About 5% of the 22,000 faculty, staff and students are regular Wi-Fi users, according to Joshua Krek, senior network administrator with the college's Office of Information Technology.
Last year, the college deployed a mix of all three new access points in high-use areas of the main campus, such as the student union building. There were eight in the beta test: the entry-level 430, the 460 with built-in radios, and the 466 with exterior antenna mounts, the latter for a mesh deployment covering some outside spaces.
Glendale's tests found that a single Wi-Fi client, a laptop, could easily see sustained throughput of "well over" 200Mbps per radio, or more than 400Mbps for each access point, for the 460 and 466 models, Krek says. That meant more throughput could be shared among the 20-30 clients typically associated with each access point.
And the throughput stayed high, and reliable, over much longer distances than before. The exterior mesh using the 466 models "still came close to 200Mbps" over a distance of about two football fields, roughly 750 feet. That was an almost ideal deployment: straight line-of-sight with no obstacles.

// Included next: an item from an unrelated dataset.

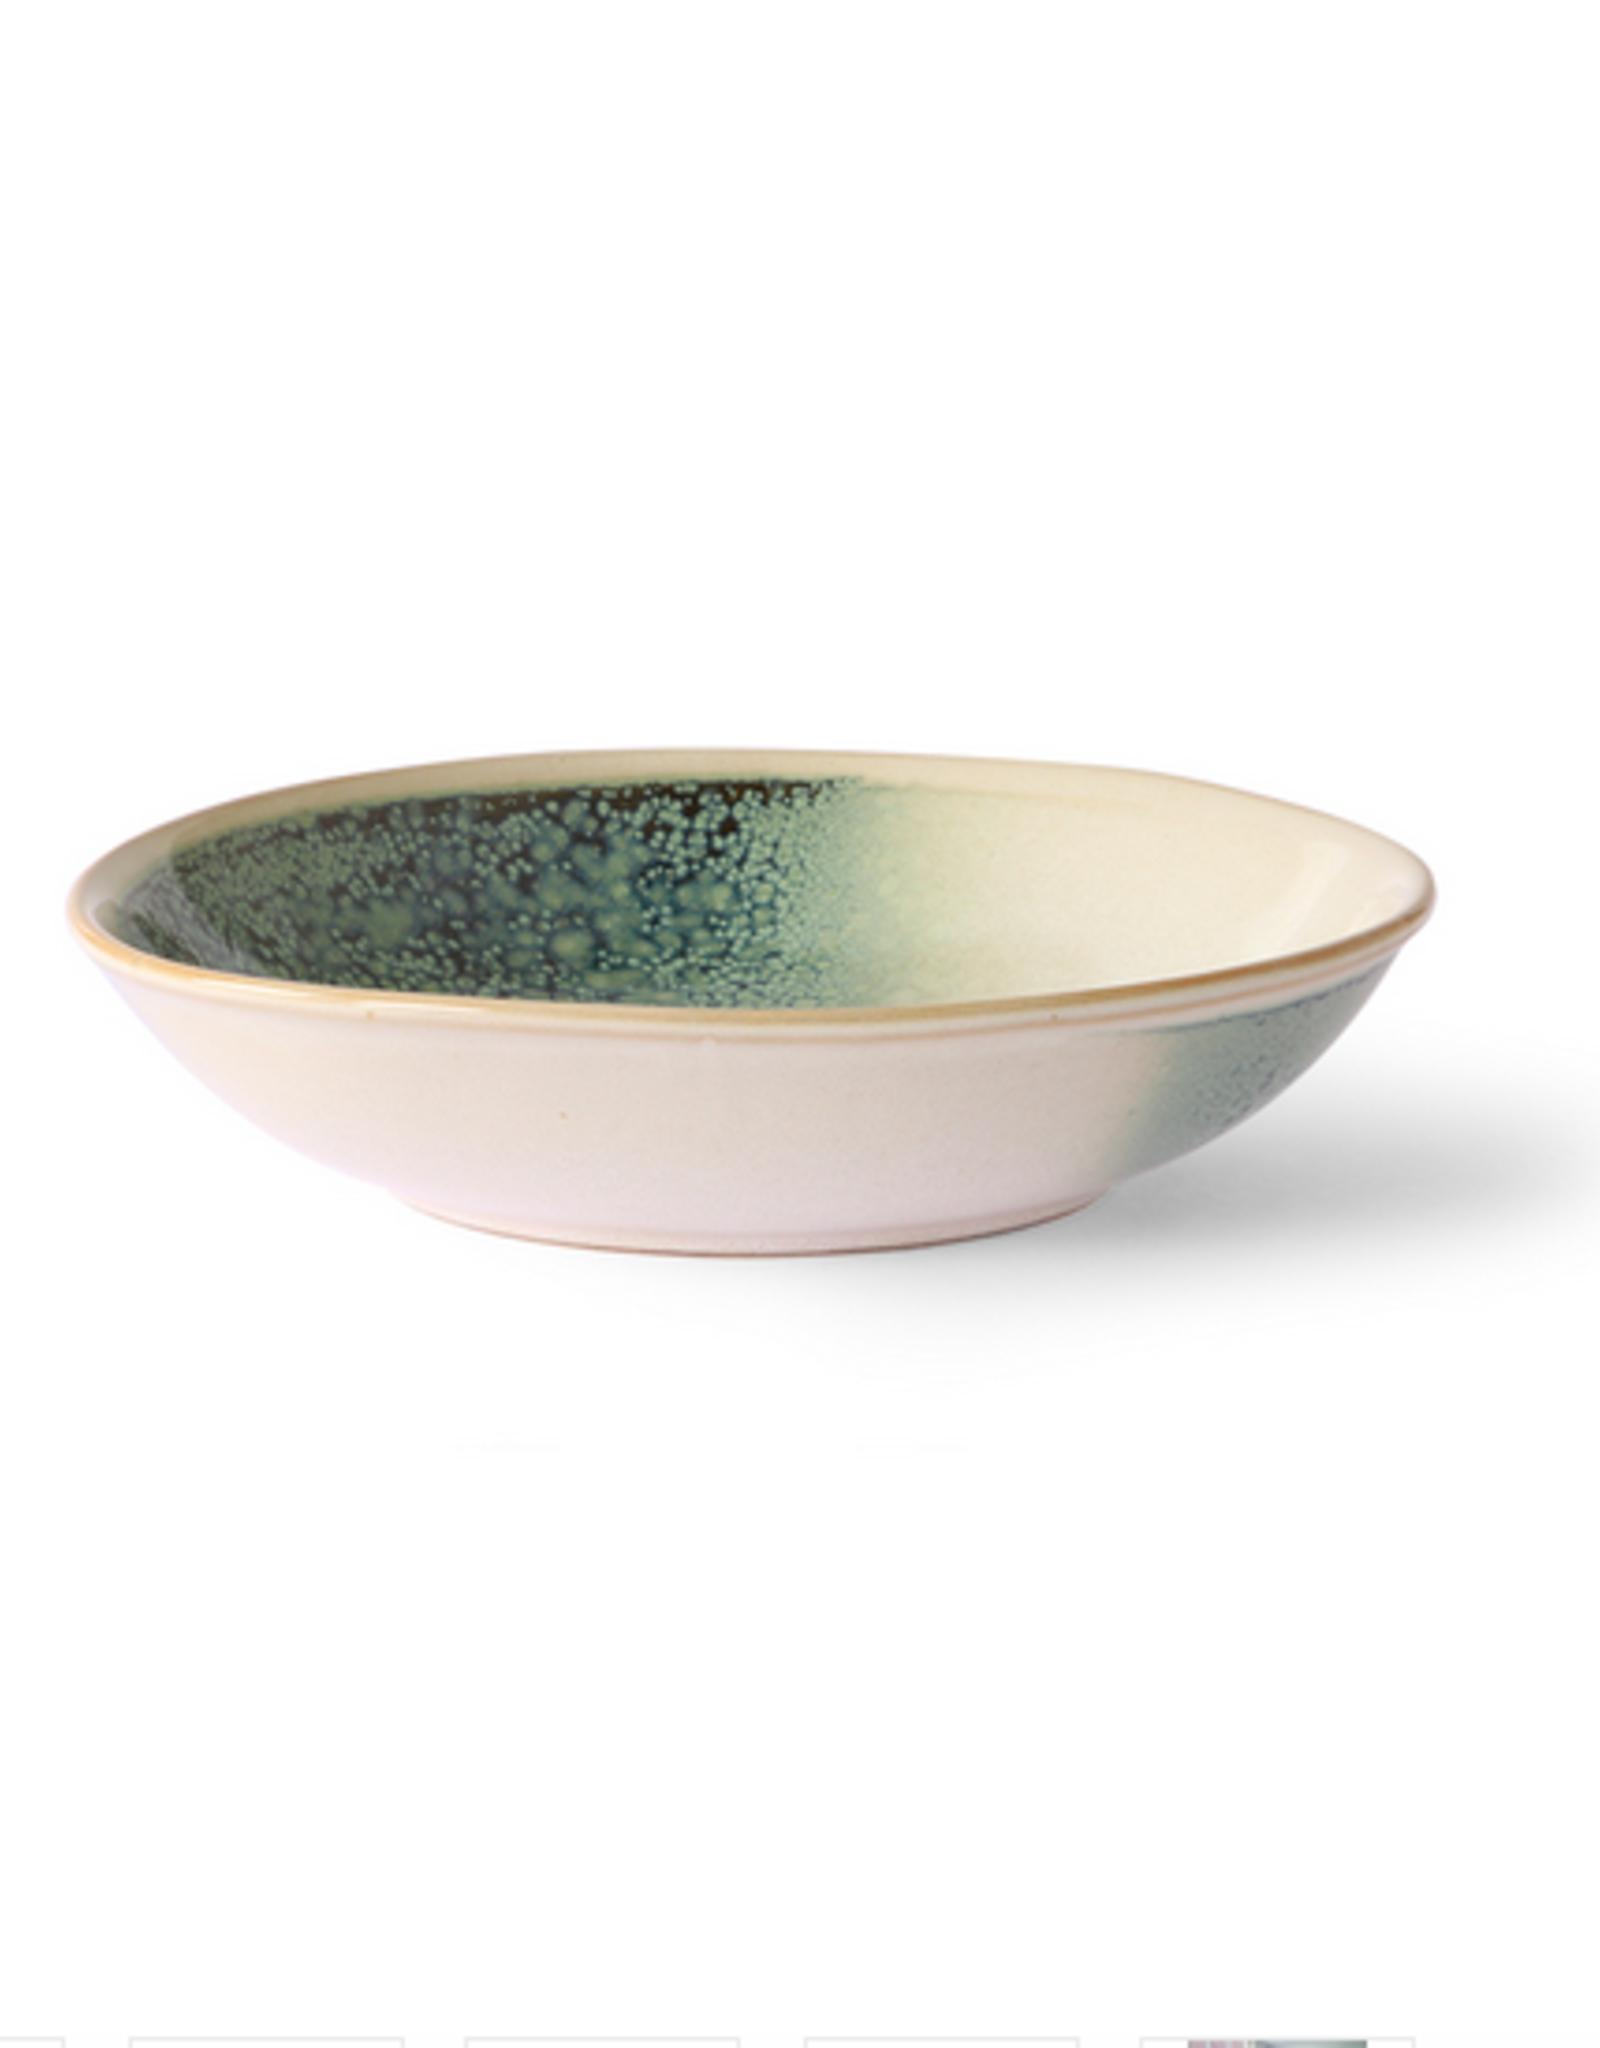 HK Living Ceramic 70's curry bowls mist (set of 2)
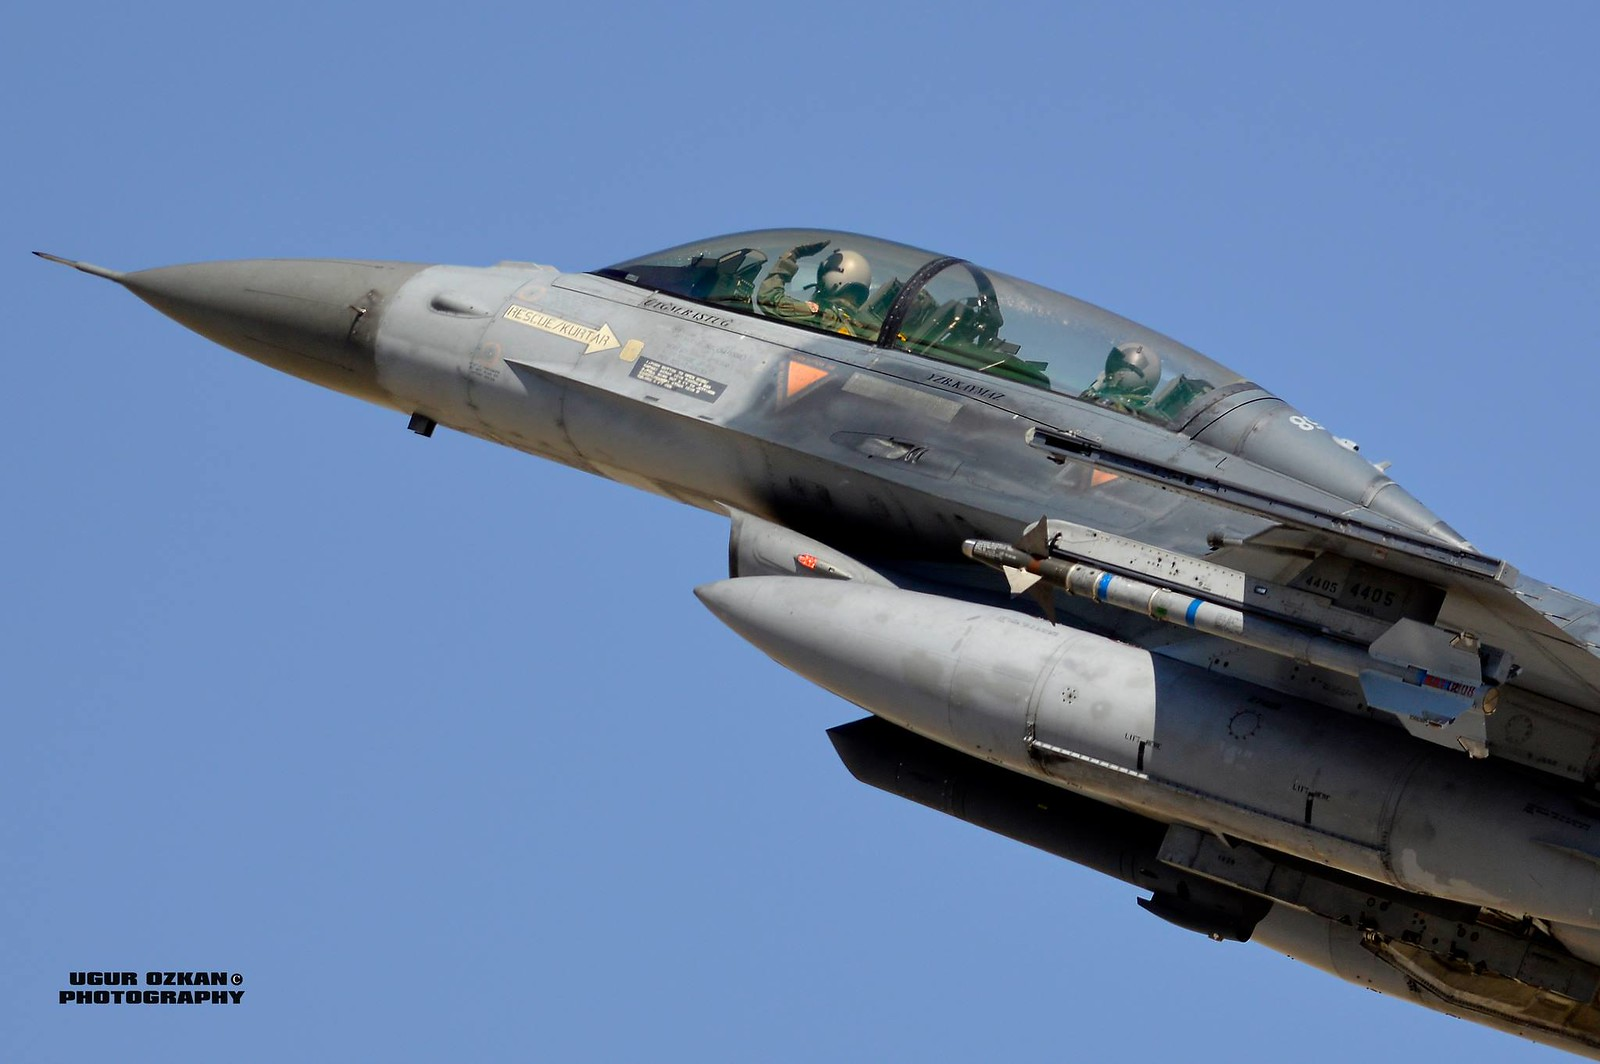 F-16 Fighting Falcon - Page 2 9101431194_33b890b12c_h

As are a growing number of WLAN vendors, HP has introduced with the newest 11n access points several radio optimization features that optional in the 802.11n standard. These include:
- Beam forming: Based on information from the client radio, the access point can adapt its transmit beam signal for a specific, individual client, optimizing the connection.
- Band steering: The access point can detect whether the client radio can run in the 5GHz frequency; if so, the access point can shift that client from 2.4 to 5GHz automatically. The higher frequency has more non-overlapping channels, can offer a larger number of combined channels for maximum throughput, and has less interference than 2.4GHz.
In addition, the 466 model, with exterior antennas, can support what HP calls "concurrent radio operation" in the 5GHz band, meaning both radios can be set to run in that band, without interfering with each other.
All three of the new products can support full 11n features and performance over existing 802.3af power-over-Ethernet infrastructures, according to Roger Sands, director of mobility solutions for HP Networking.
Mobility Manager 3.10 includes a range of improvements, many of them focused on client tracking and trouble-shooting, according to Sands. Network administrators now can see a history of a specific client's locations, and correlate those with Wi-Fi performance metrics, for example.